The NOICC identifies the breach as the applicant’s failure to state the personal details of his father on Form 80, contrary to s.101(1) of the Act, and the incorrect answer given, in relation to the father’s death, contrary to s.101(2) of the Act. The Tribunal is mindful that other matters set out above, may indicate that the applicant had given incorrect answers in his application in other respects, in particular, the family composition (his relationship with his sister-in-law and failure to mention some of his siblings). However, while these may be relevant to the assessment of the applicant’s overall credibility or show other instances of non-compliance, these matters were not specified in the NOICC and cannot form the basis of the cancellation. The Tribunal acknowledges that the delegate may choose to issue a further NOICC in relation to these matters in the future.

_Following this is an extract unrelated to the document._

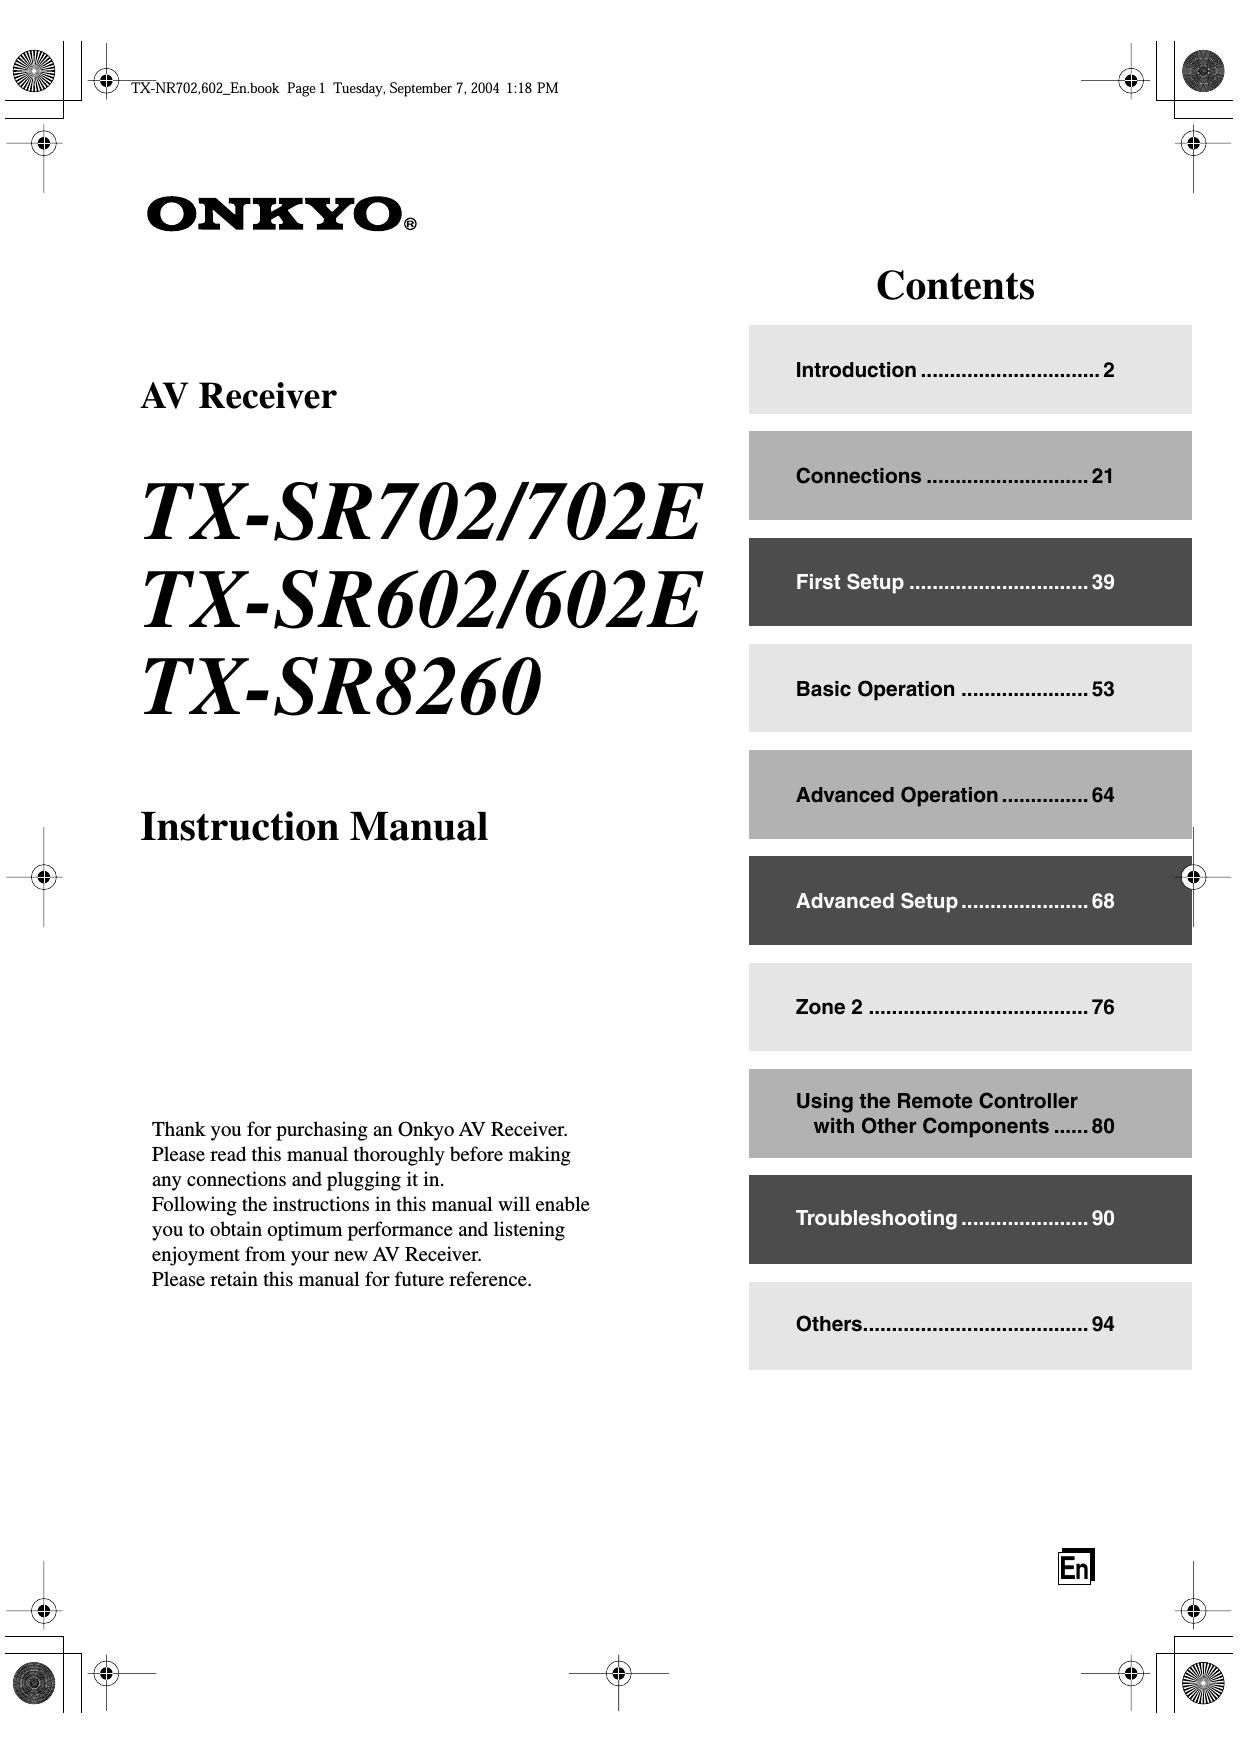 Onkyo TXSR 702 Owners Manual

One of the issues identified in the NOICC is the applicant’s claim that his father is deceased. The delegate refers to the information received indicating that a person with his father’s personal details has been issued with identity documents or a passport. The applicant claims that the passport in Pakistan was arranged by someone else and that such person may have used his father’s identity to provide false identity documents to others. The applicant provided a number of statements from community representatives who refer to the father’s death and he also produced his father’s death records. As noted above, the Tribunal has sought verification of the two death certificates with the overseas authorities but was unable to verify these documents.

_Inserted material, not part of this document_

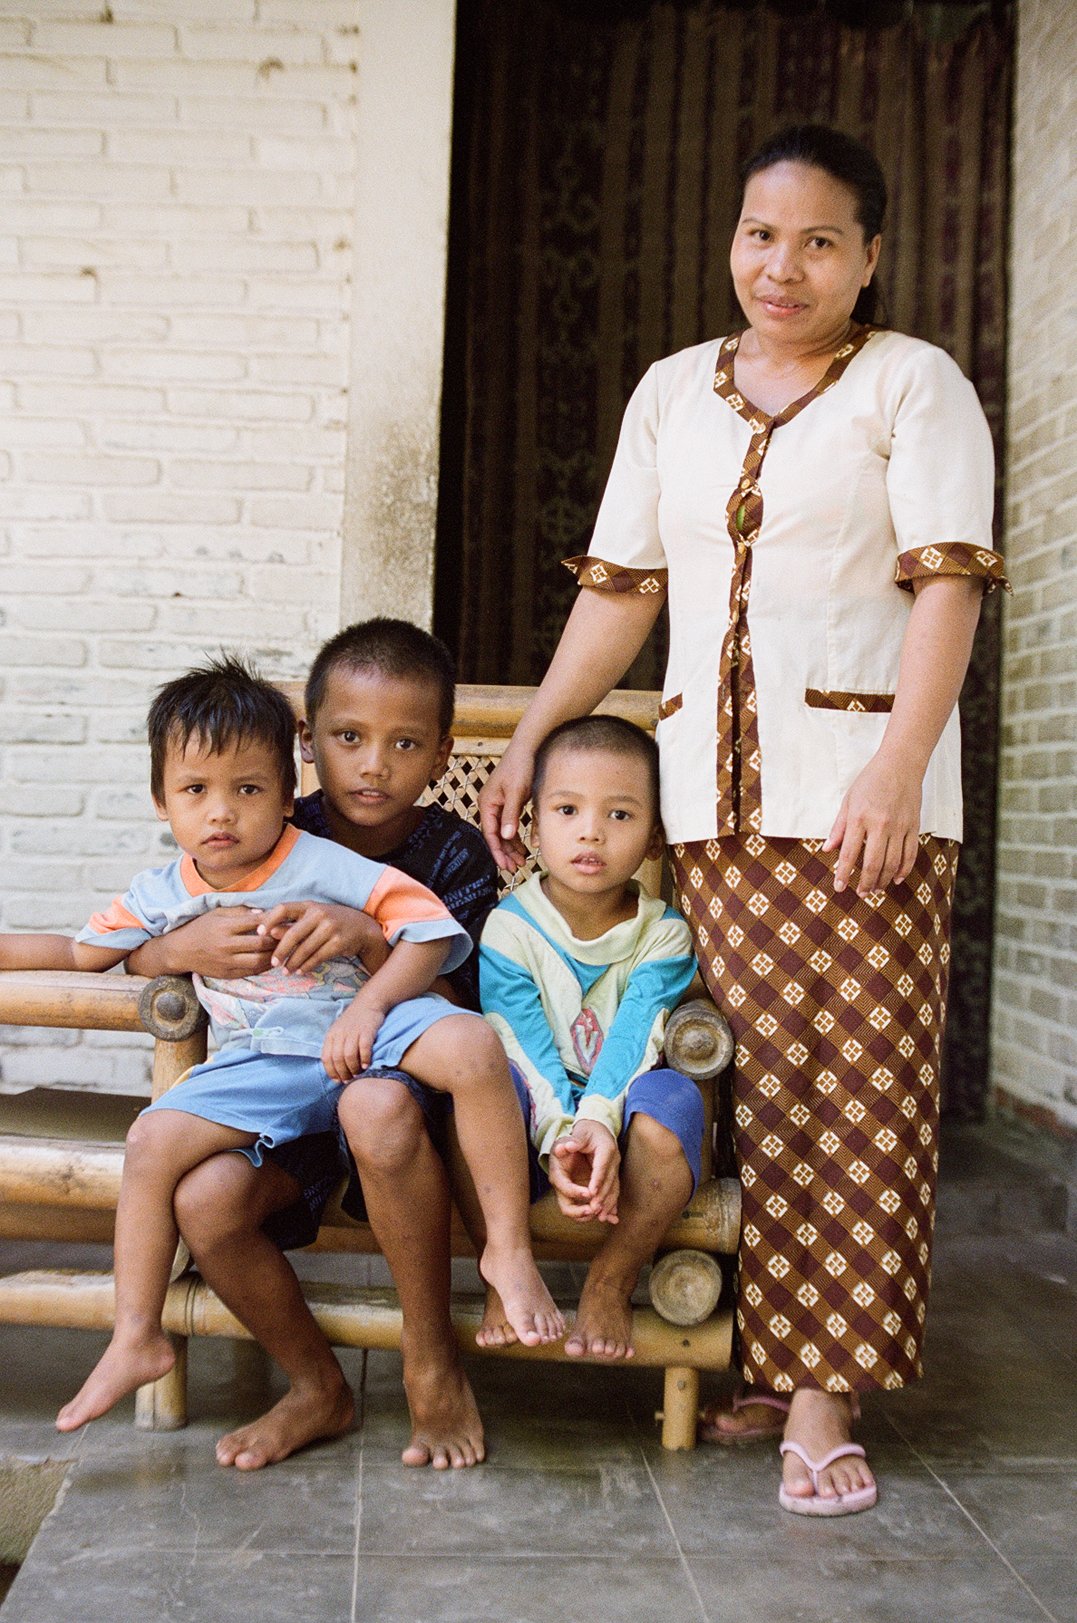 090721-Bali-Candi_Dasa_Sadras_wife-Wife_and_kids_2-F.jpg

The Tribunal acknowledges the applicant’s explanations about the use of false identity documents and how these could have been arranged for another person rather than his father. However, the Tribunal has found that the applicant or his family had access to bogus documents in the past relating to marital status and family composition of siblings. There is evidence that the applicant’s family was able to obtain, and produce to the Department, bogus birth certificates to support their claimed relationships. The applicant’s own evidence is that document fraud is common in Pakistan and that bogus documents can be easily obtained. Having regard to that evidence, the Tribunal does not accept the applicant’s evidence as to why a person with his father’s details had been issued with identity documents when the applicant claims his father is deceased.
Nevertheless, the Tribunal acknowledges the evidence of third parties concerning the death of the applicant’s father. There are statements from members of the community who not only confirm the applicant’s identity as an Afghani national, but also refer to the death of his father. There is nothing before the Tribunal to indicate that those who provided statements are not witnesses of credit or that their evidence is unreliable.
The onus of establishing the facts that give rise to the cancellation rests with the decision-maker (Mian v MILGEA (1992) 28 ALD 165 at 169). Although the visa holder must be invited to show that the ground does not exist, or if it does, to show cause why the discretion should not be exercised, this does not place an onus on the visa holder to establish at that point that the visa should not be cancelled. In Zhao v MIMA [2000] FCA 1235, the Court stated:
The decision-maker, acting under s 116, must be satisfied of one or other of the matters set out in that section before the visa can be cancelled. That state of satisfaction is a real state of satisfaction which must be reached on a consideration of the available material. A visa cannot be cancelled simply because the visa holder has failed to show cause why it should not. … A visa cannot be cancelled because the decision-maker has identified a possible ground of cancellation which the visa holder has not been able to rebut.
While that case was concerned with cancellation under s.119, the Court’s comments would be equally applicable to s.109.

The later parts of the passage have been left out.